How do I make solid fixings into walls constructed with plasterboard fixed with the 'dot & dab' method over some kind of blockwork ? The depth of the gap between the plasterboard and the blockwork means that normal fixings are too short to make a solid fixing into the blockwork, but the gap isn't enough for most kinds of cavity fixings to work. And, preferably, not too expensive per fixing ...


----------



## davy_owen_88 (11 Dec 2006)

You could try making an enlarged hole and using a large dowel to plug it then pre-drill and screw into that?

Or use ordinary plugs and a longer screw?


----------



## Paul Chapman (12 Dec 2006)

I've used these and found them quite good http://www.screwfix.com/app/sfd/cat/pro ... 4&id=11923

Cheers :wink: 

Paul


----------



## Shultzy (12 Dec 2006)

I would use rawlbolts and threaded rods cut to the required length. Advantage is the variable length and the ability to reuse.


----------



## LyNx (12 Dec 2006)

I use the plastic plasterboard fixings and cut the end off, it's only the treaded part that is needed.


----------



## paulm (12 Dec 2006)

Or use the hammer type fixings which go through the fixture, the plasterboard and into the blockwork if you choose the right size

http://www.screwfix.com/app/sfd/cat/pro ... 7&id=13953

Cheers, Paul.


----------



## nickson71 (12 Dec 2006)

In the past if hanging something a bit on the heavy side (radiator) on a wall like this I've basically do it a simular way to what chisel said and the radiator has not moved at all and is rock solid


----------



## Anonymous (12 Dec 2006)

I would simply use ordinary wall plugs but knock them through the plasterboard using the screw and a hammer until they are right into the hole in the block. Then carry on as usual using longer screws than normal to allow for the thickness of the plasterboard and the gap.

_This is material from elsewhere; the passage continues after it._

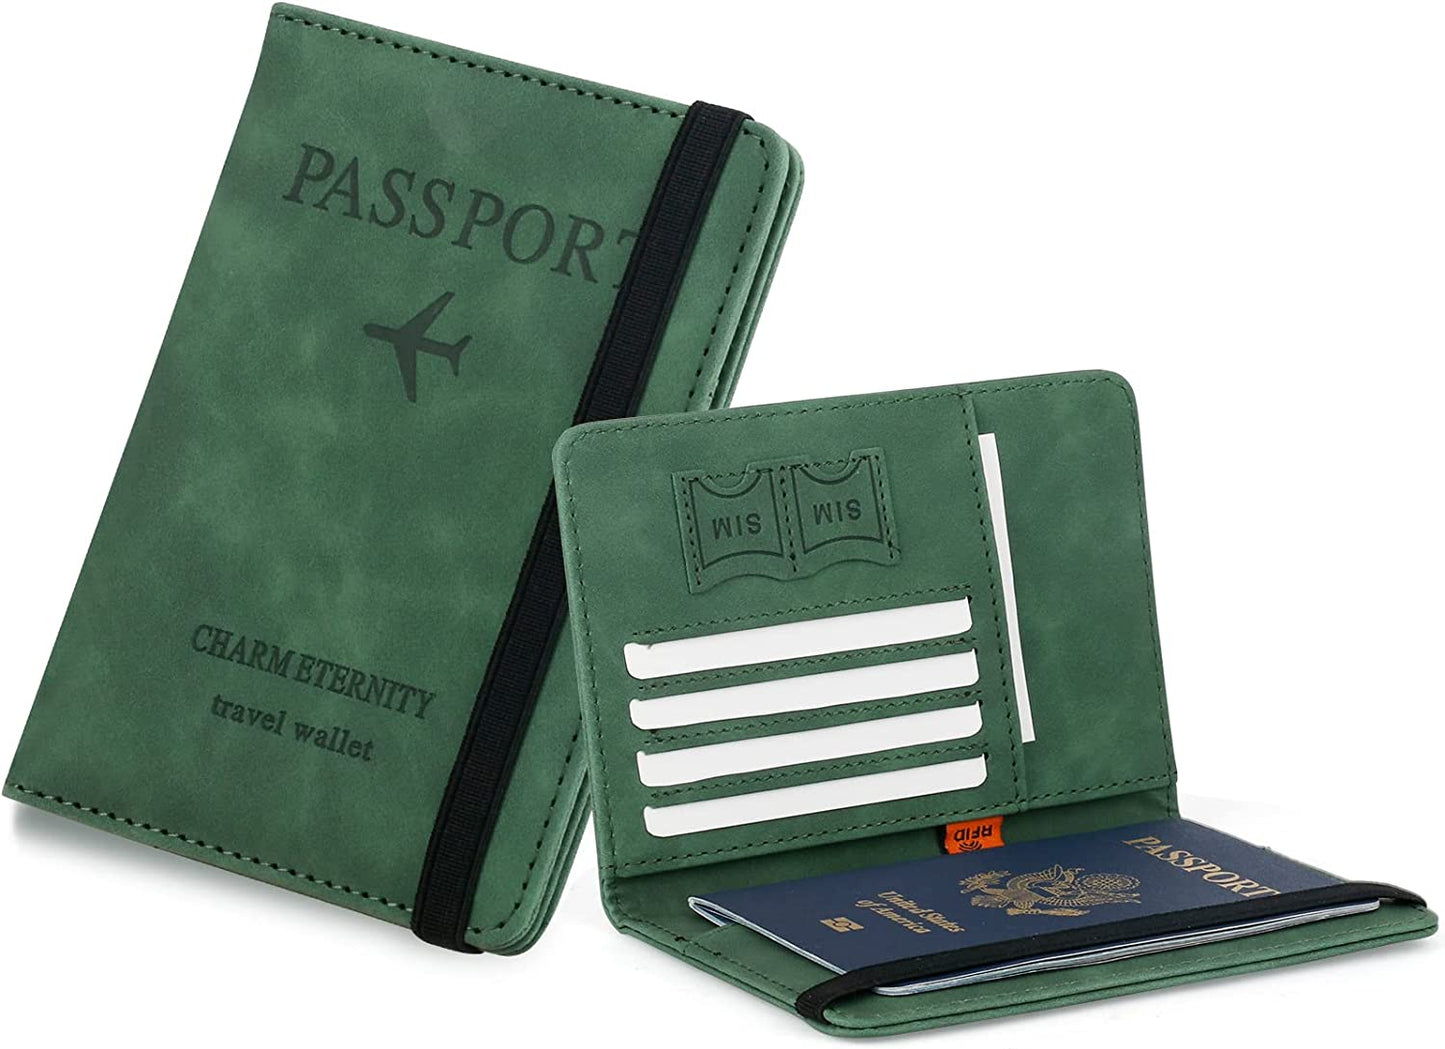 Passport Holder Travel Essentials, Passport Wallet RFID Blocking for Men Women, Multifunction Travel Document Holder, PU Leather Card Case Cover with Elastic Band Closure

Incidentally, I prefer to use red plugs in a 5.5mm hole but with 10's screws instead of the normal 8's

Cheers
Brad


----------



## joekid (12 Dec 2006)

what exactly are you fixing to the wall, you can hang some heavy gear on plasterboard useing threaded plaster screws, once screwed into the board ,the screw driver hole is threaded for a screw, in fact the screws come with them,theyve held a baby gate on the top of the stairs for years/ some of the kids think its great swinging out over the stairs,luckily enough the screws have held fine,


----------



## LeeElms (12 Dec 2006)

Thanks for all the advice !

I think I'll try various of these options, depending on the type / weight of the thing being fixed.


----------